§ Dataset records
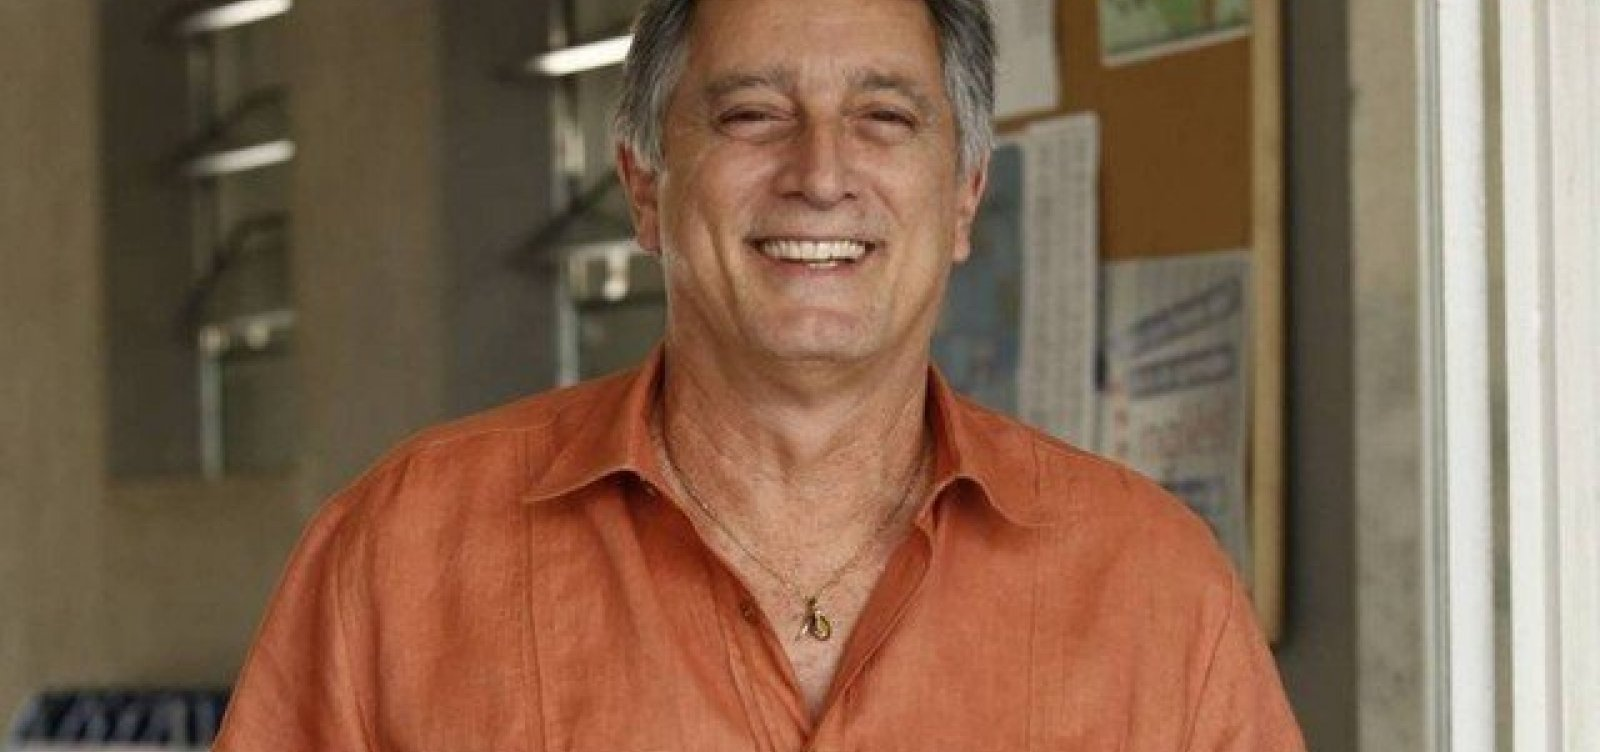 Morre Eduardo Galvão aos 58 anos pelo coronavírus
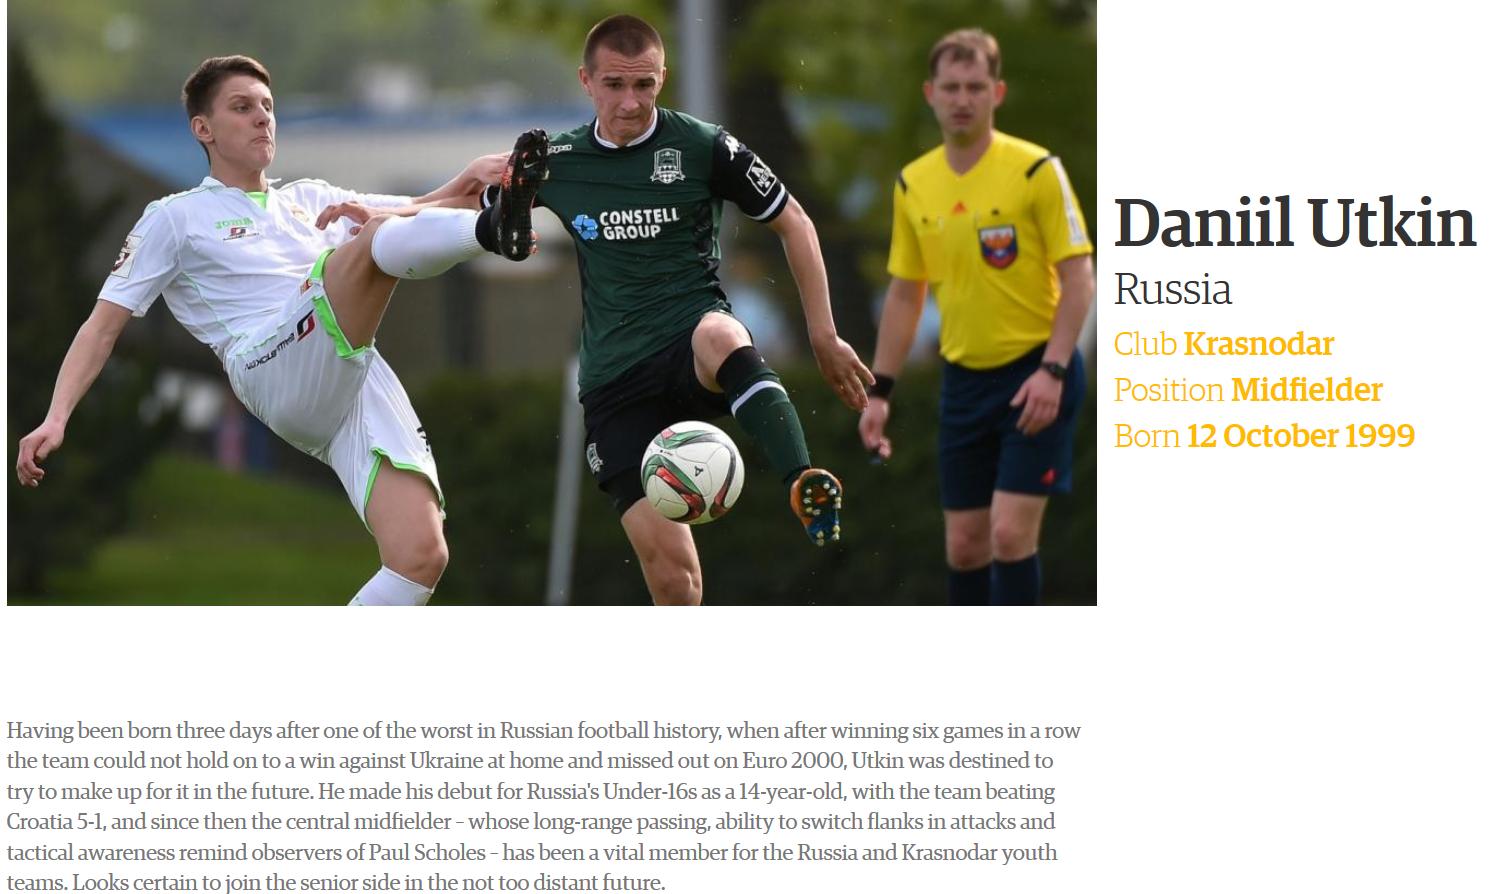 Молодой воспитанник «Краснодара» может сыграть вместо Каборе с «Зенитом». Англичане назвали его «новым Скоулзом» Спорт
--
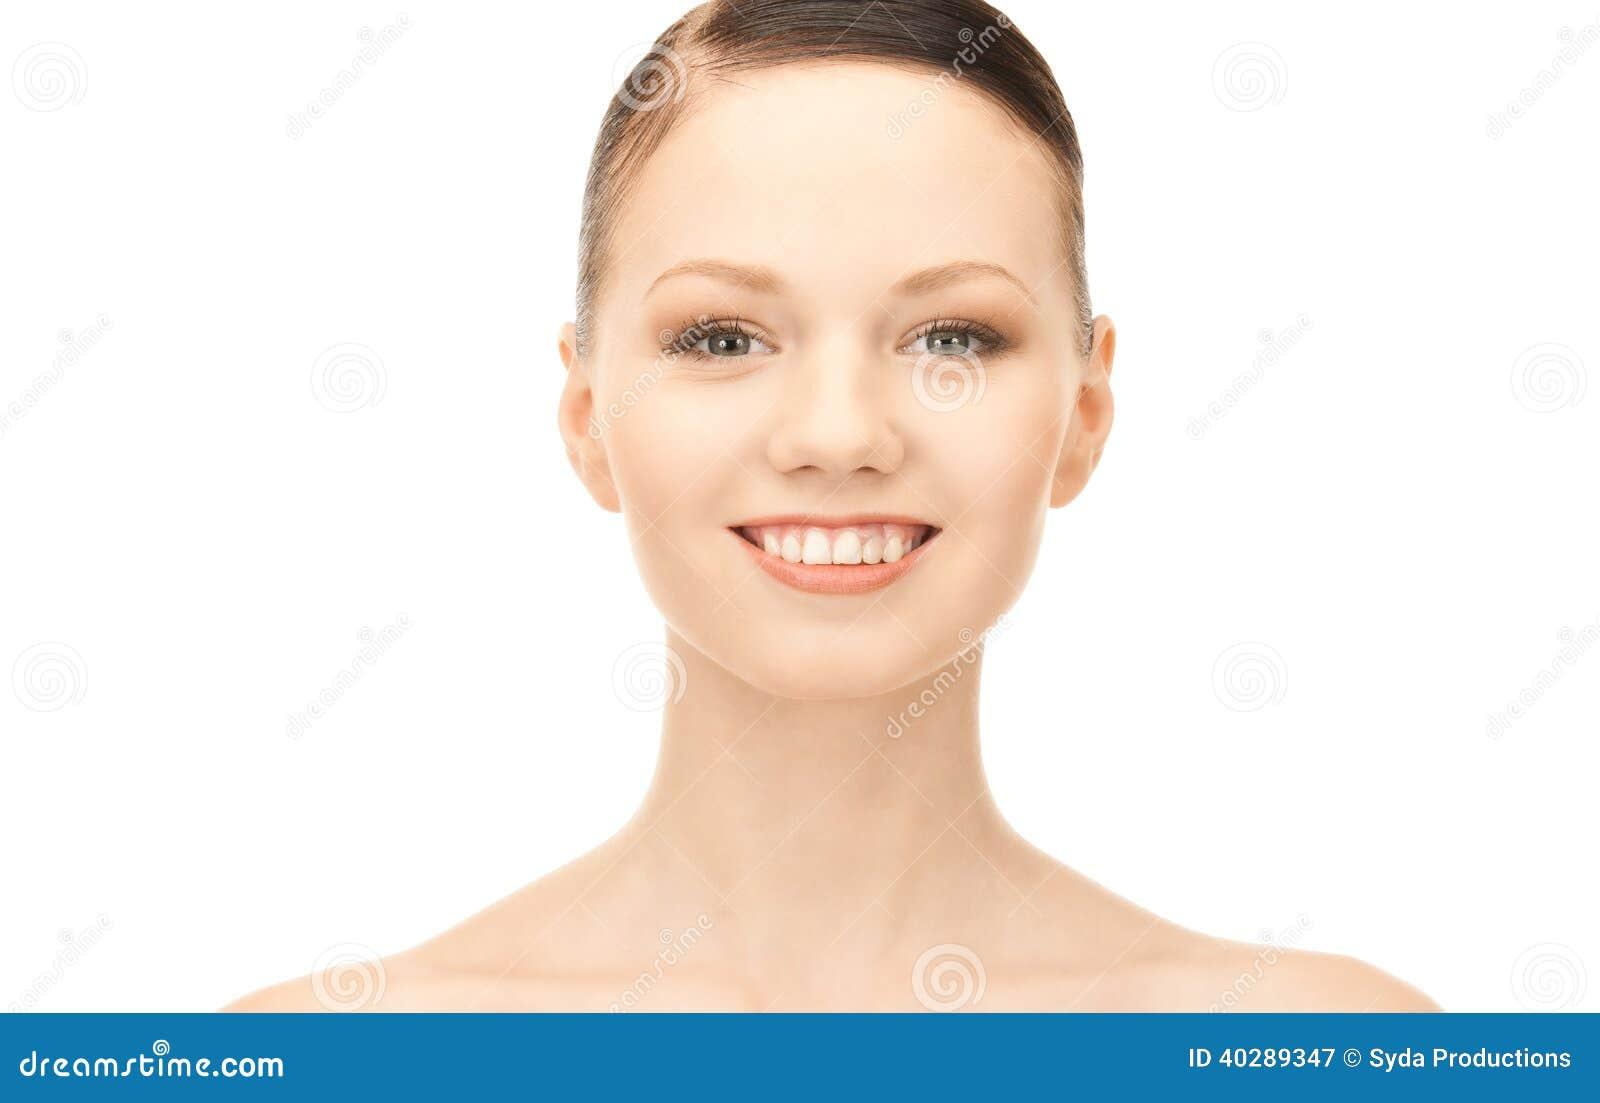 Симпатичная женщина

§ Your task
Take the entries above and copy exactly the lines starting at the one with "Morre Eduardo Galvão" and ending at the one with "может сыграть вместо"; nothing outside that span, and no pictures.

§ Problem solution
 Morre Eduardo Galvão aos 58 anos pelo coronavírus
 Молодой воспитанник «Краснодара» может сыграть вместо Каборе с «Зенитом». Англичане назвали его «новым Скоулзом» Спорт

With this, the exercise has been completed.